### [Exercise]
A full, word-for-word copy of the listing below is needed; leave the images out of it.
[[ Data section, beginning ]]
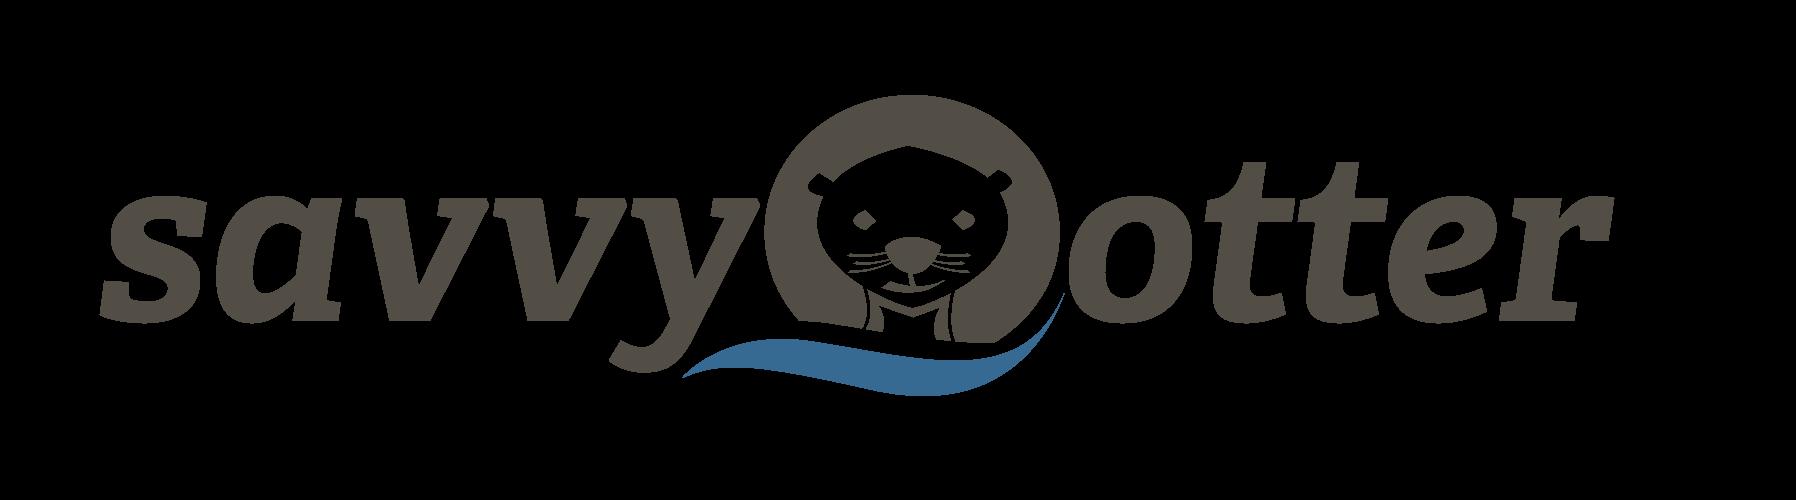 Savvy Otter
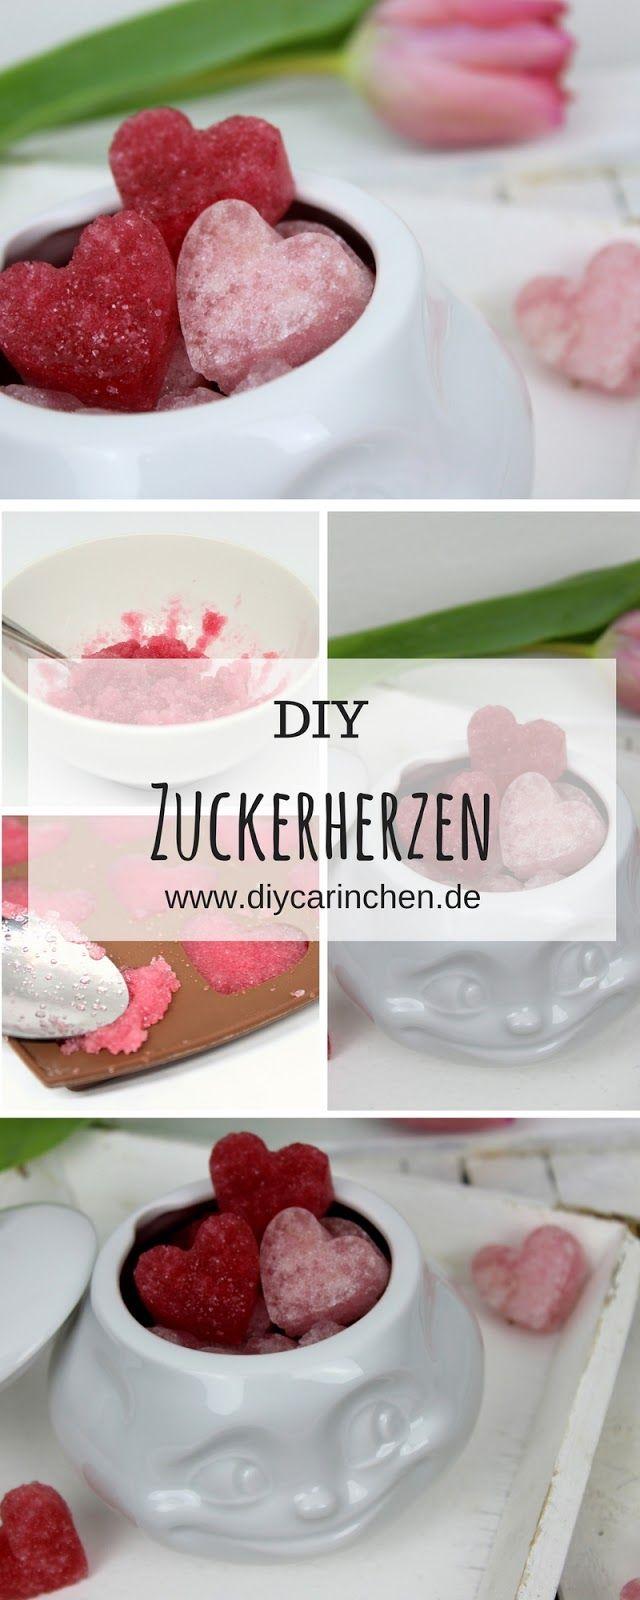 Diy Zuckerherzen In Rosa Selber Machen Süßes Geschenk Zum
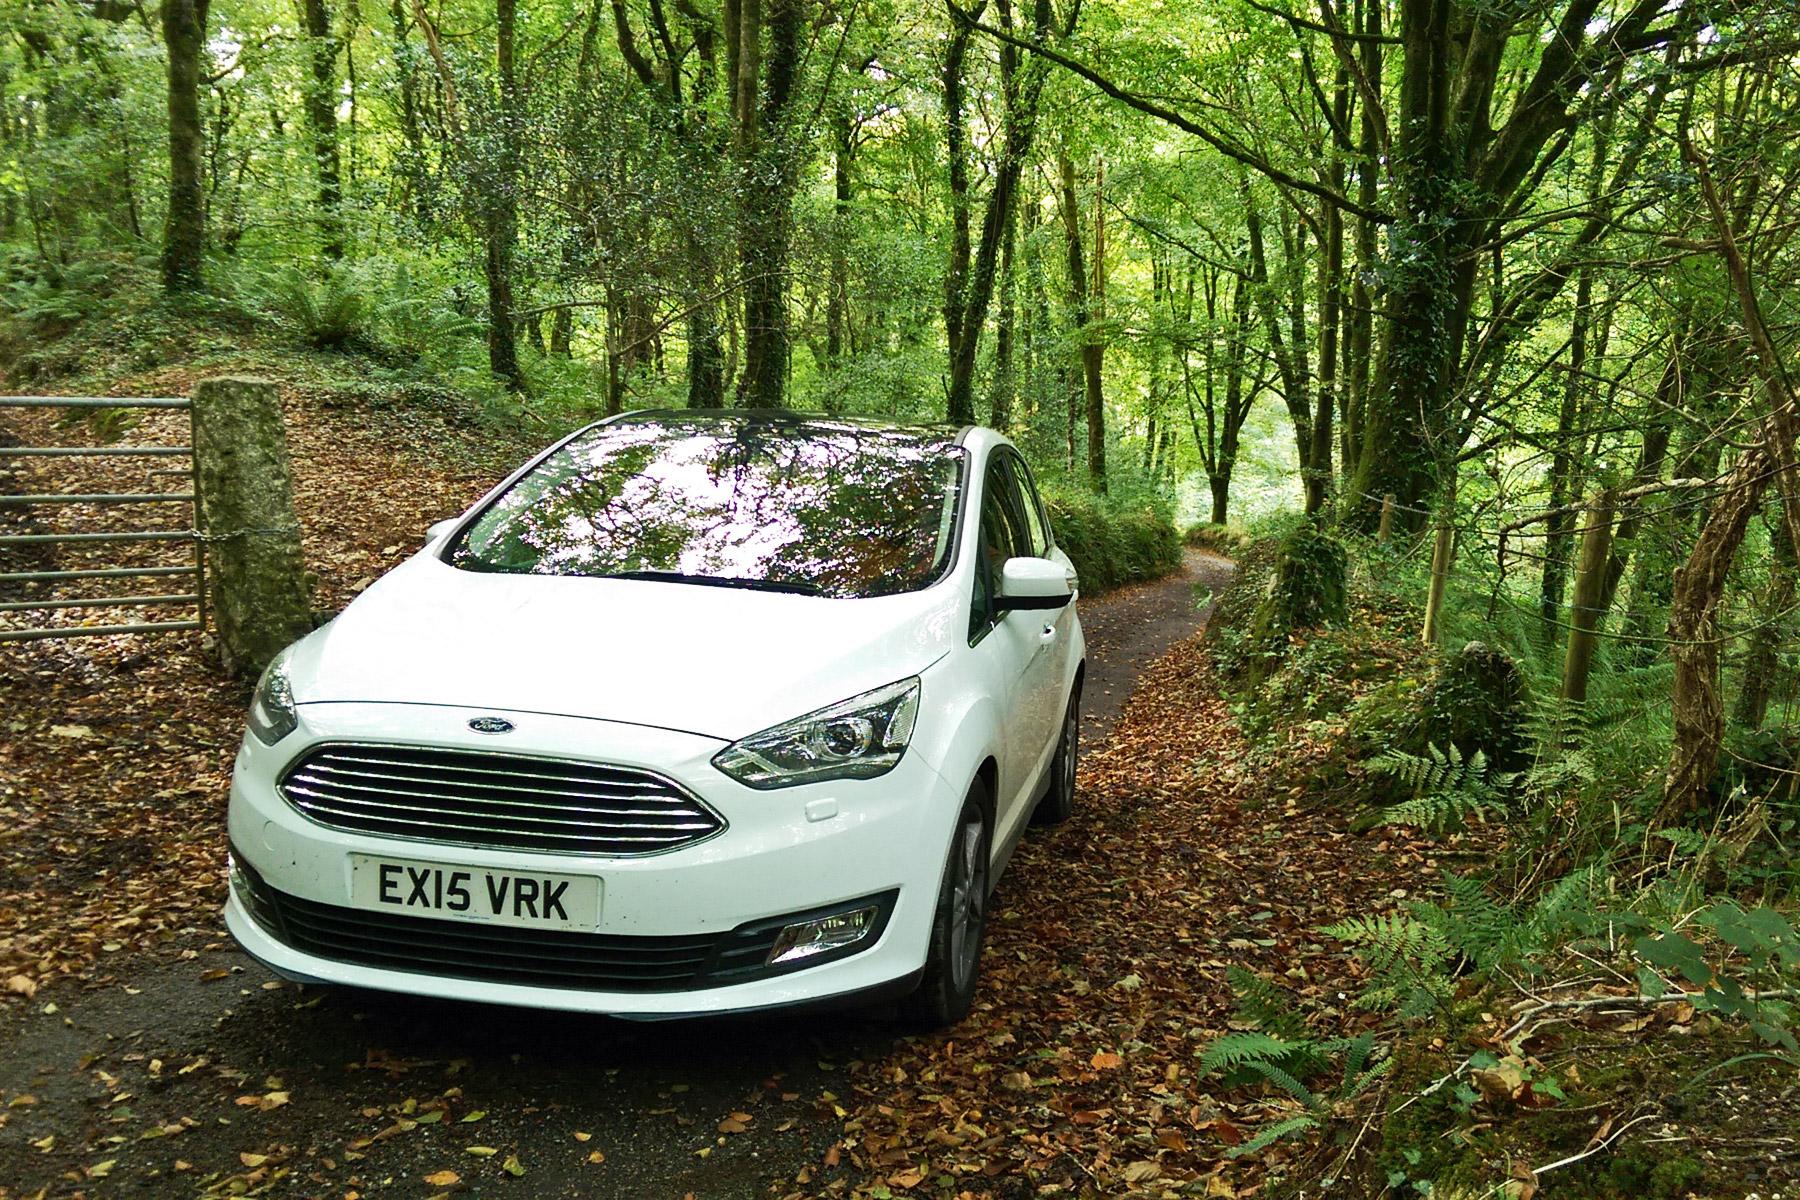 2015 Ford C-Max 1.5 TDCI Titanium X: a week in Cornwall
[[ Data section, end ]]
### [Task result]
 Savvy Otter
 Diy Zuckerherzen In Rosa Selber Machen Süßes Geschenk Zum
 2015 Ford C-Max 1.5 TDCI Titanium X: a week in Cornwall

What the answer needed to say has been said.